Although the principle seems limpid and almost self-evident, articulating this awareness was not. immerson emerged only after lengthy reflection on the listening process of audio art disseminated in public presentation venues. Thus immerson: a dedicated listening environment, focusing on the physical comfort of the audience in a specifically designed space. The premise for immerson is to seek out/explore new perceptions and experiences during the listening process by pushing the concept of “immersion” to its possible limits in order to maximize the experience for the public.

“Between notes and sounds lie rests and silence. I have come to regard these as the most fragile parts of music.”From the sound installation, Entre-Deux, part of the new media exhibit Data/Fields, curated by Richard Chartier in the Washington, DC area, along with Ryoji Ikeda, Mark Fell, Caleb Coppock, and Andy Graydon.
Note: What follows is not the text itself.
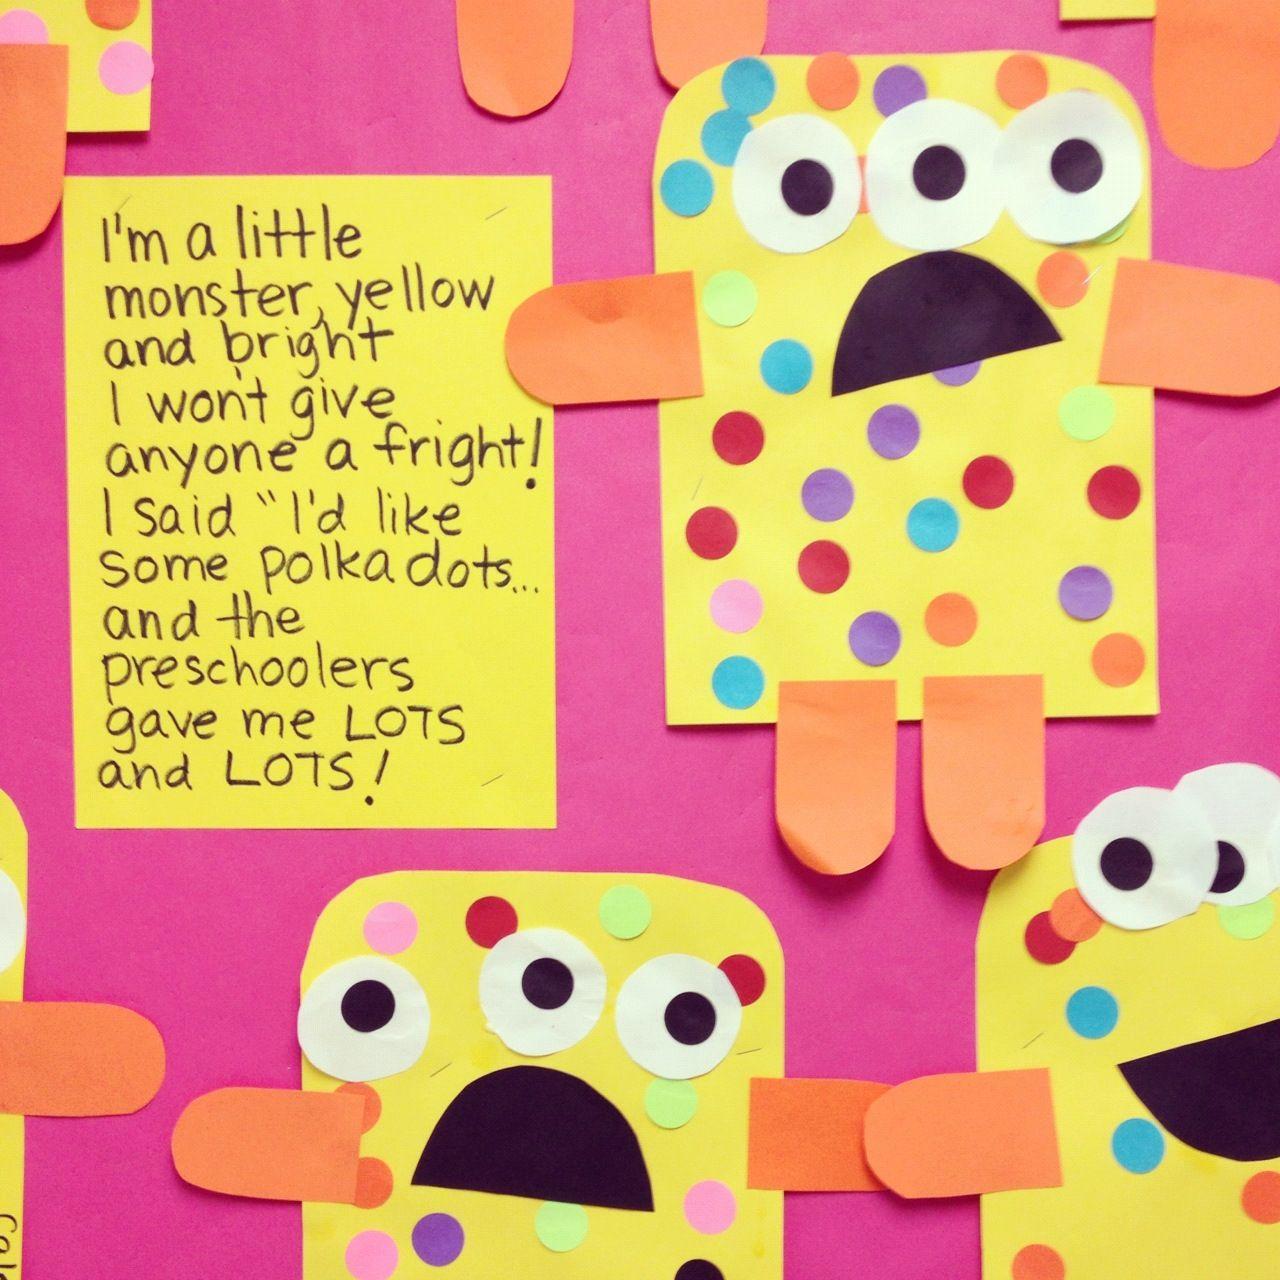 Preschool Monsters

Written in 2013 by France Jobin, sound artist founder of immersound, a concert event/philosophy which proposes to create a dedicated listening environment by focusing on the physical comfort of the audience through a specifically designed space. The premise for immersound is to seek out/explore new perceptions and experiences of the listening process by pushing the notion of “immersion” to its possible limits.